## Exercise objective
Transcribe the data in full and exactly, omitting any pictures.

## Extracted records
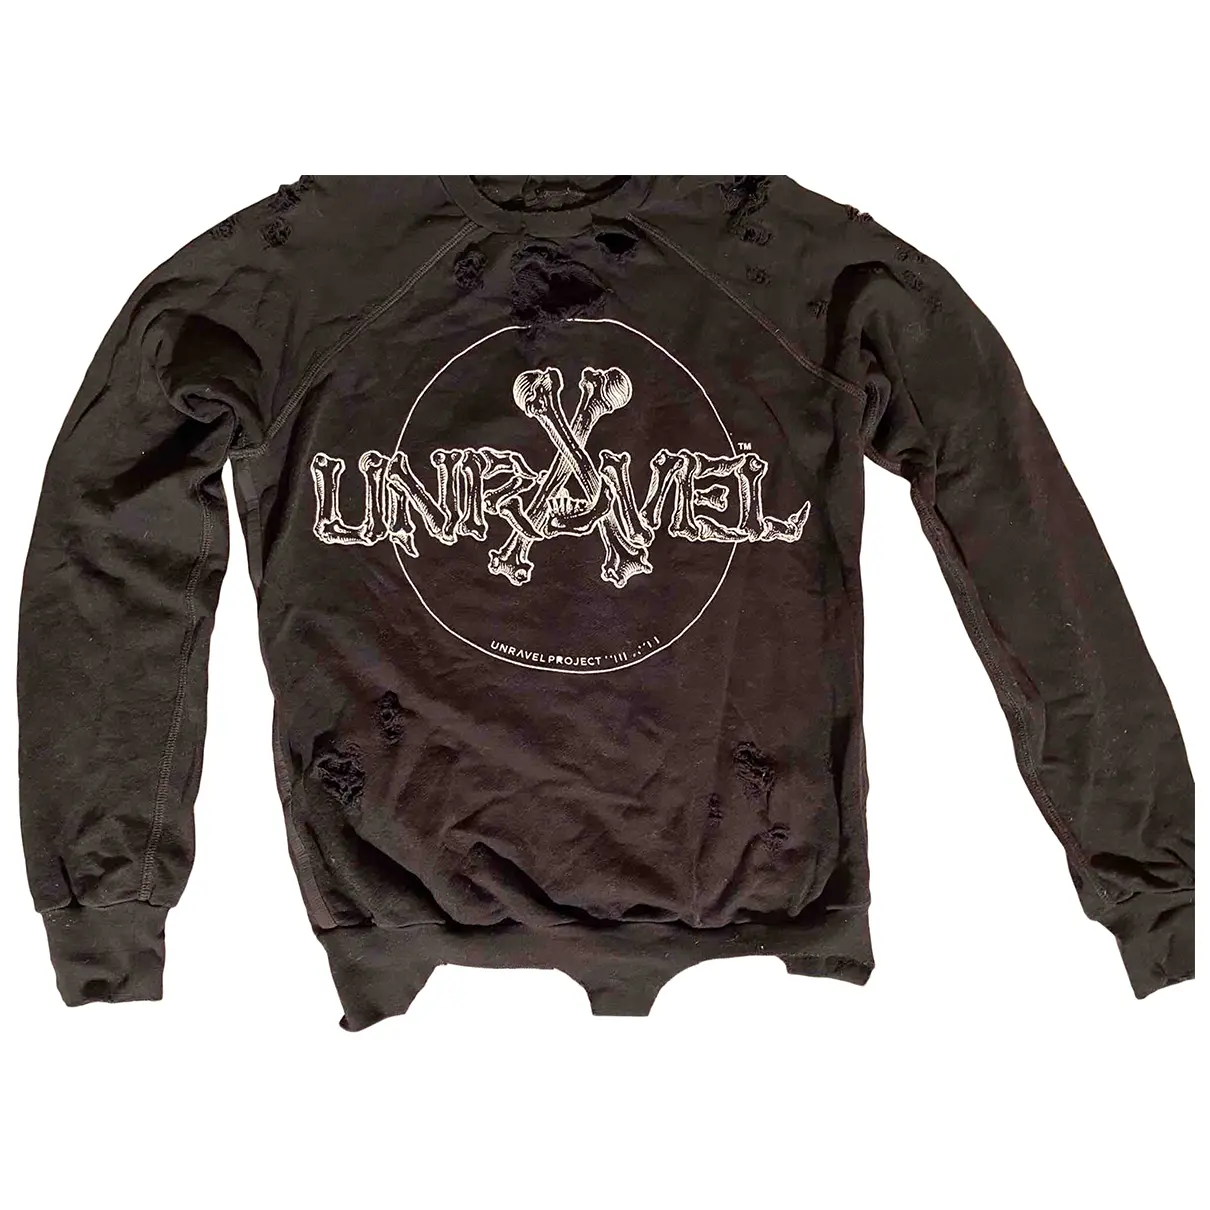 Buy Unravel Project Knitwear online
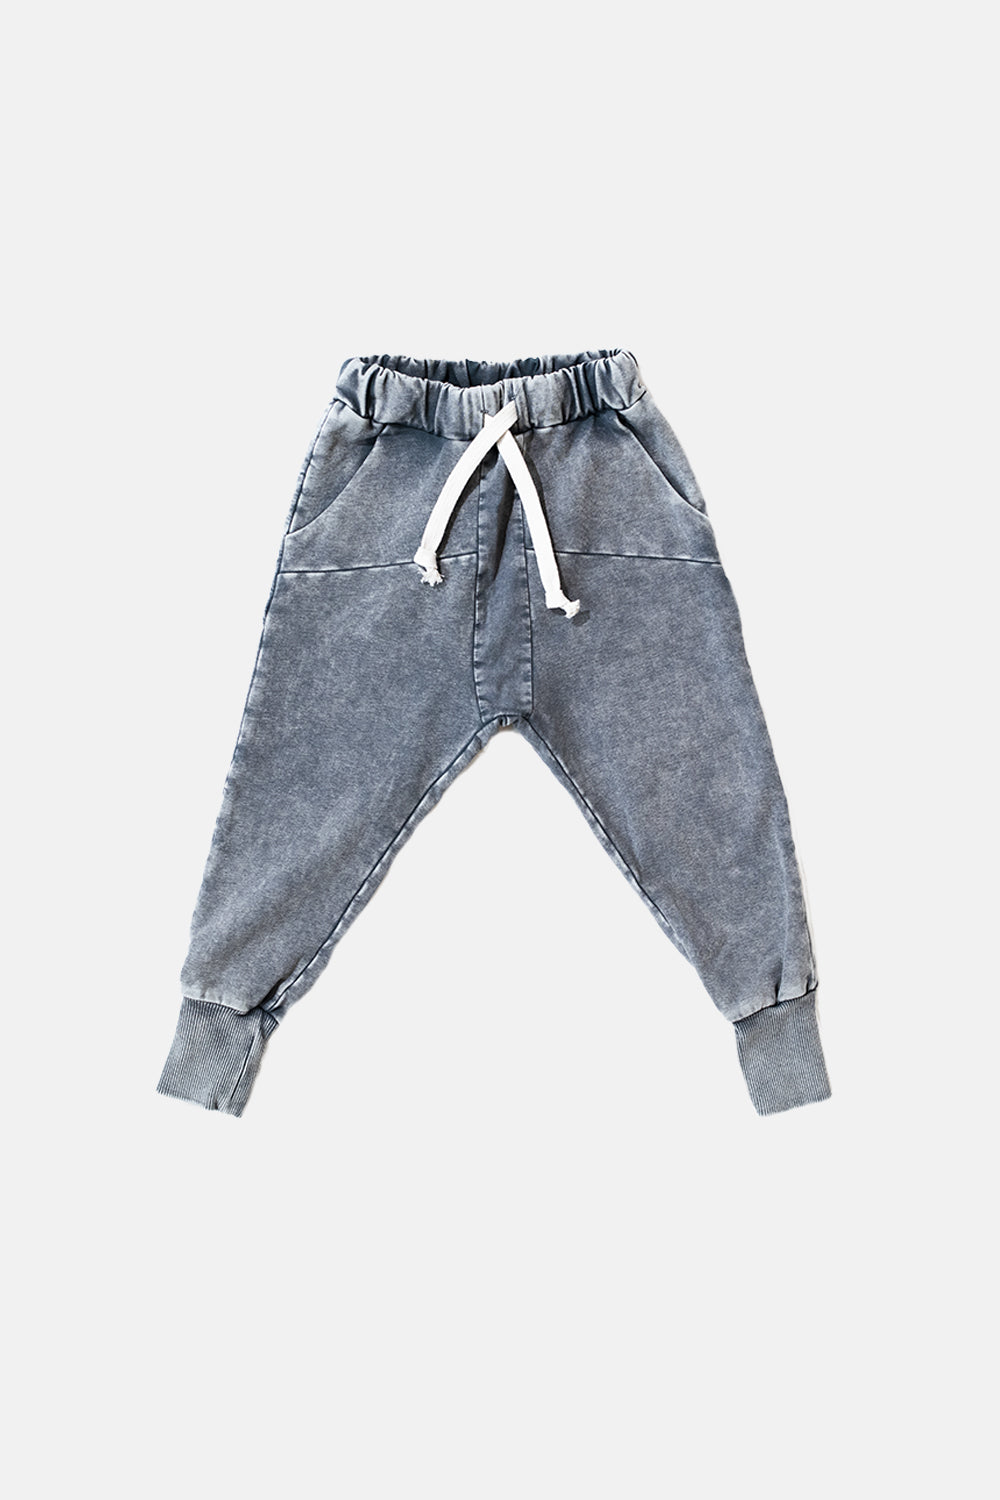 spodnie dziecięce -  STRIPED GRAY PANTS gray
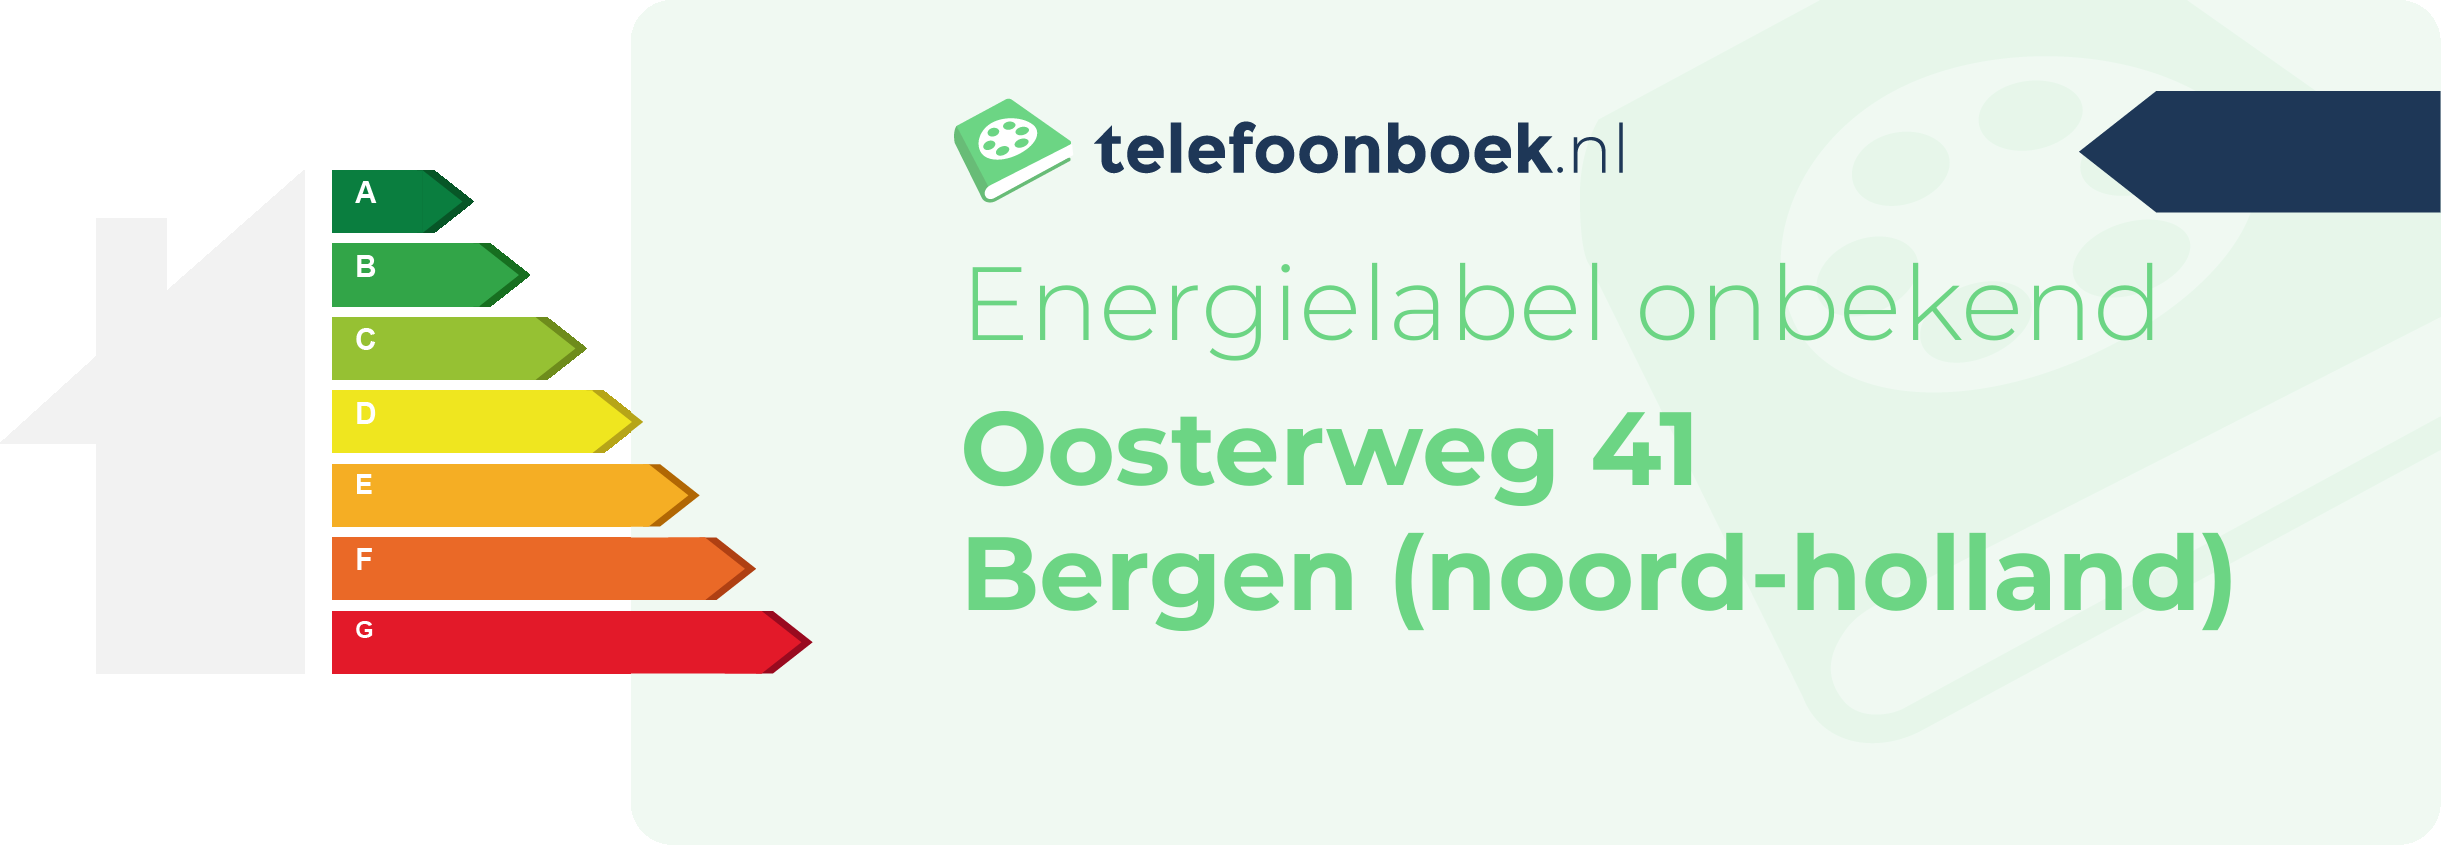 Energielabel Oosterweg 41 Bergen (Noord-Holland)
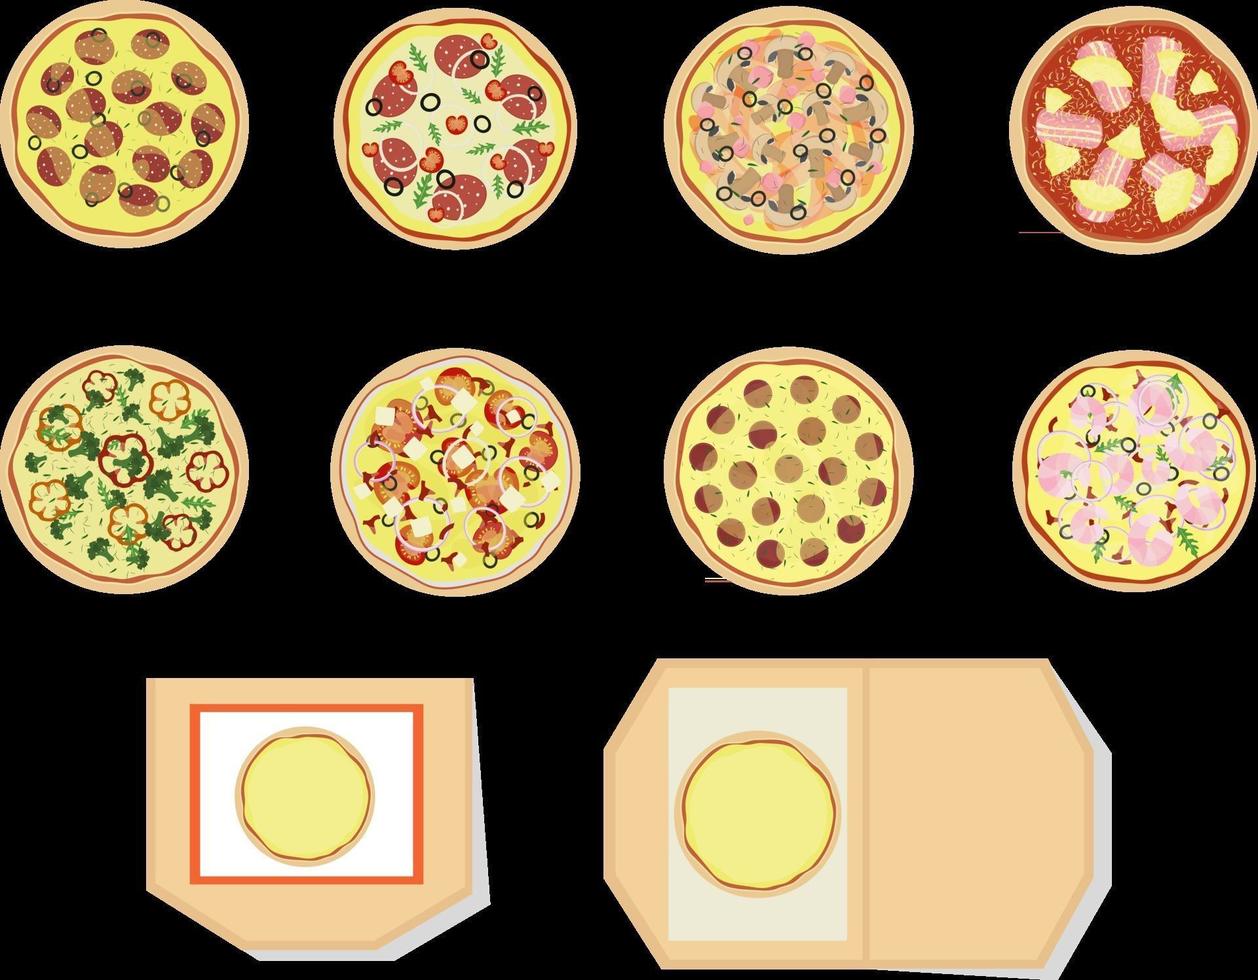 set pizza di diversi tipi vista dall'alto aperto e chiuso pizza box illustrazione vettoriale
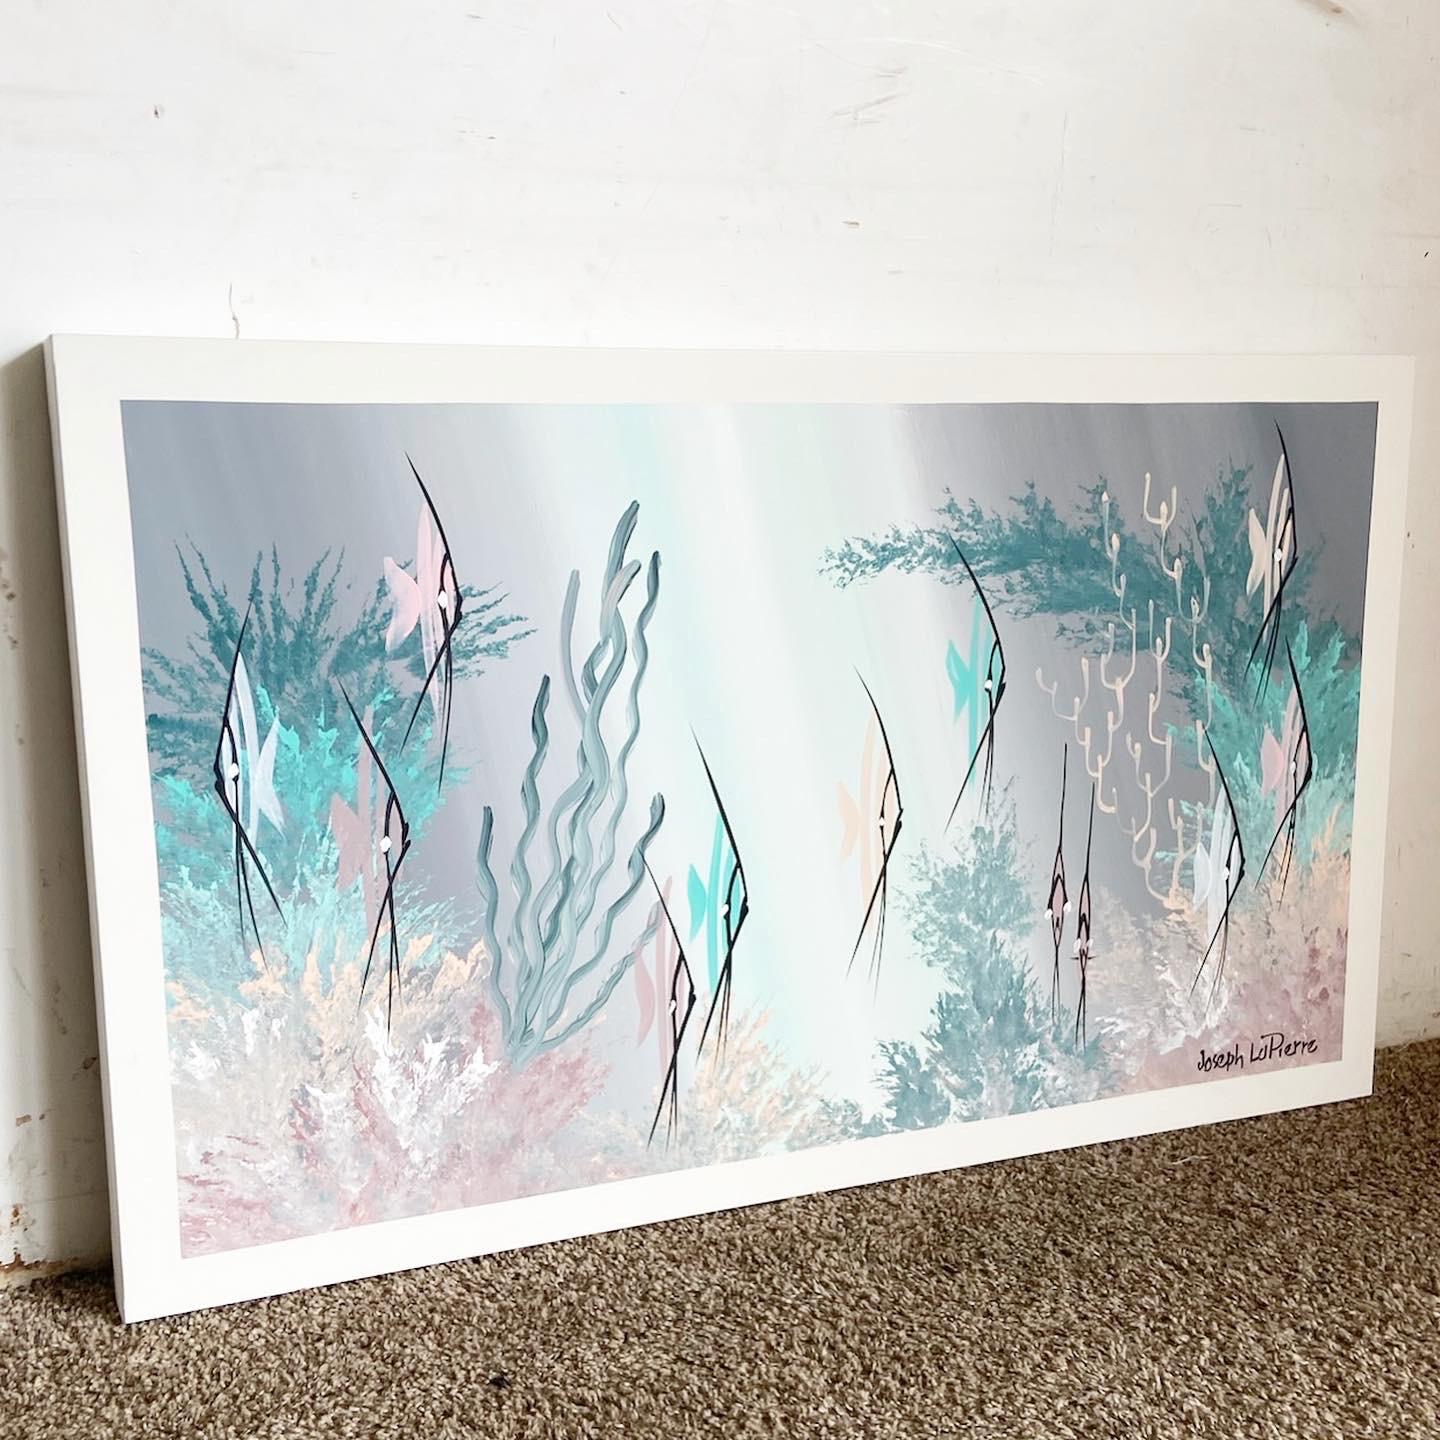 Plongez dans les profondeurs avec cette peinture abstraite postmoderne de poisson. Signée par l'artiste, elle capture le monde sous-marin vibrant, avec des poissons abstraits naviguant sur un récif coloré. Mélange de traits dynamiques et de motifs

## Answer box
 Buy Unravel Project Knitwear online
 spodnie dziecięce -  STRIPED GRAY PANTS gray
 Energielabel Oosterweg 41 Bergen (Noord-Holland)
 set pizza di diversi tipi vista dall'alto aperto e chiuso pizza box illustrazione vettoriale
 Plongez dans les profondeurs avec cette peinture abstraite postmoderne de poisson. Signée par l'artiste, elle capture le monde sous-marin vibrant, avec des poissons abstraits naviguant sur un récif coloré. Mélange de traits dynamiques et de motifs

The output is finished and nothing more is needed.